Wall Street analysts tend to be one-dimensional, focusing on esoteric data while ignoring common sense. In the process, they often miss the market's best opportunities.
This is great news, of course, for investors like Warren Buffett and Peter Lynch, who get rich by rejecting facts and figures in favor of investing in what they know.
The best stock in today's market fits this model like a glove. While some Wall Street analysts reject it as "the world's largest co-op," it has stacked up staggering returns for its shareholders.
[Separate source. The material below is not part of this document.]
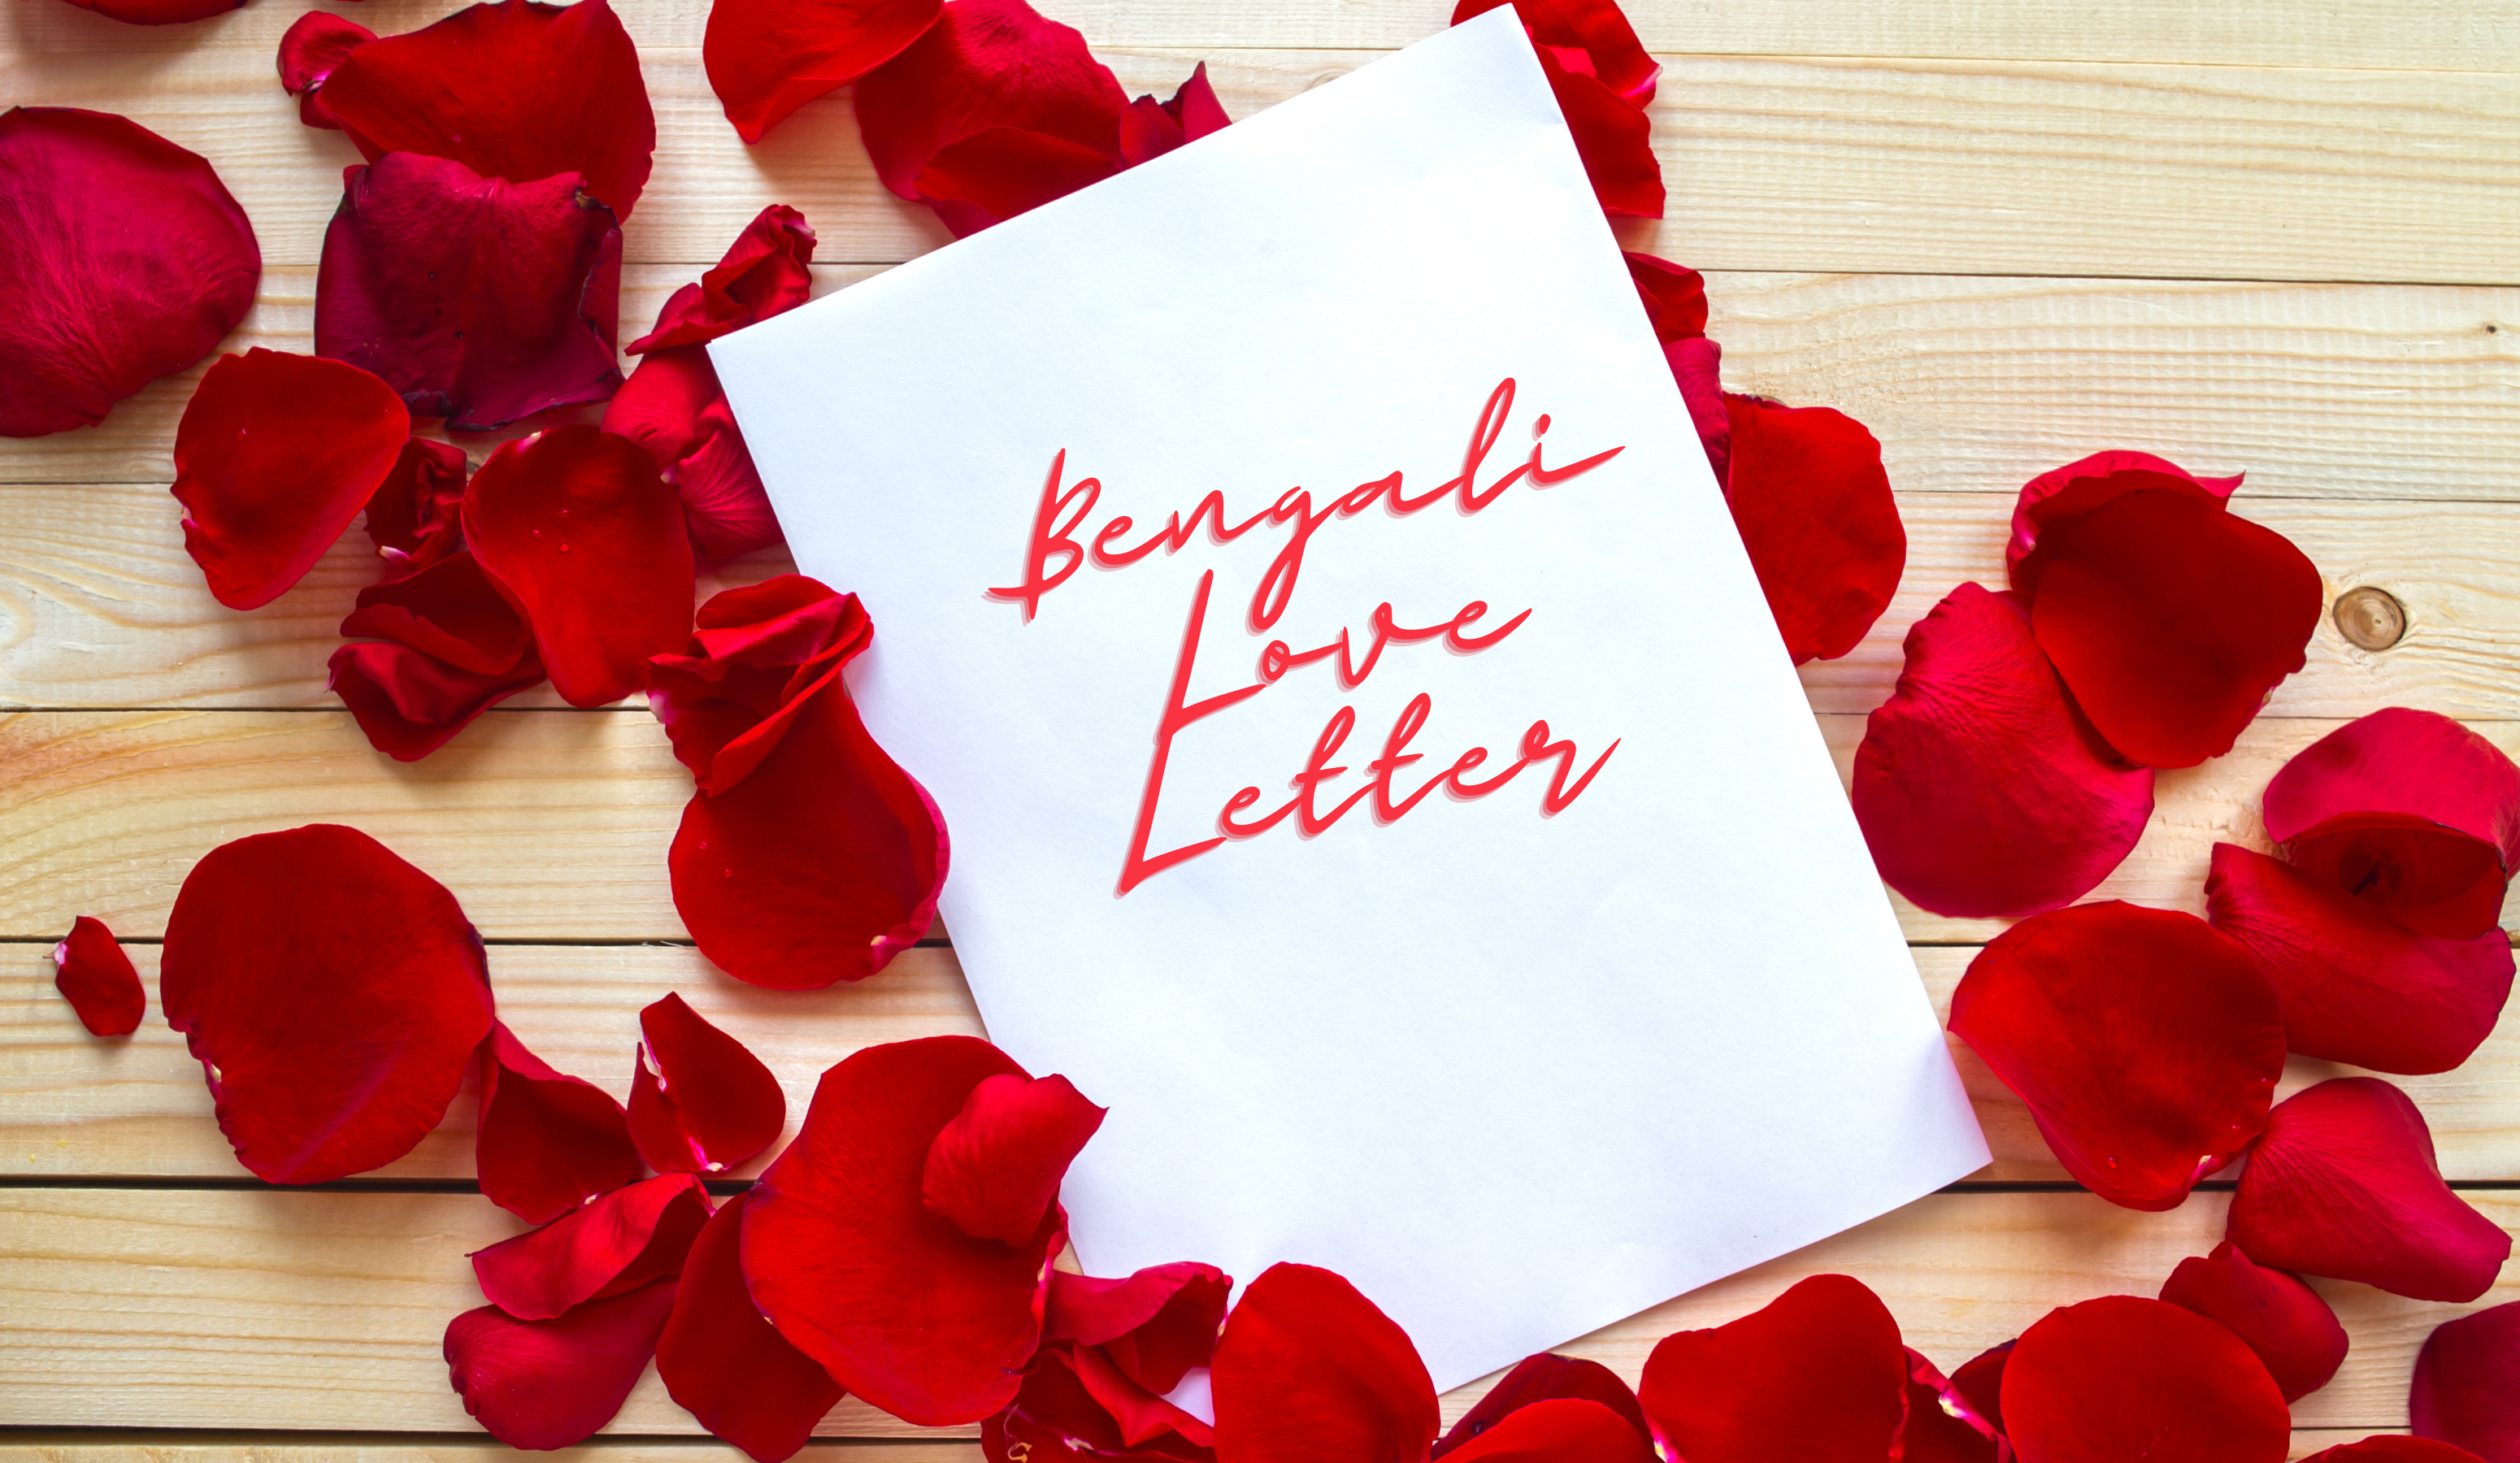 Bengali Love Letter

And in my view, Wall Street's closed-minded approach to this company makes now a great time to invest in its shares.
Costco: The Wall Street pariah
Wall Street's problem with Costco (NAS: COST) stems from its business model. According to conventional wisdom, Costco's commitment to low prices rewards customers, but hurts shareholders. Costco's gross margin, one of the most important statistics in all of retail, seems to bear this out.
As I discussed in a previous article, gross margin indicates both potential profitability and brand power. It's the portion of sales left after a company pays for all the costs directly attributable to producing (or, in the case of a retailer, obtaining) the goods it sells.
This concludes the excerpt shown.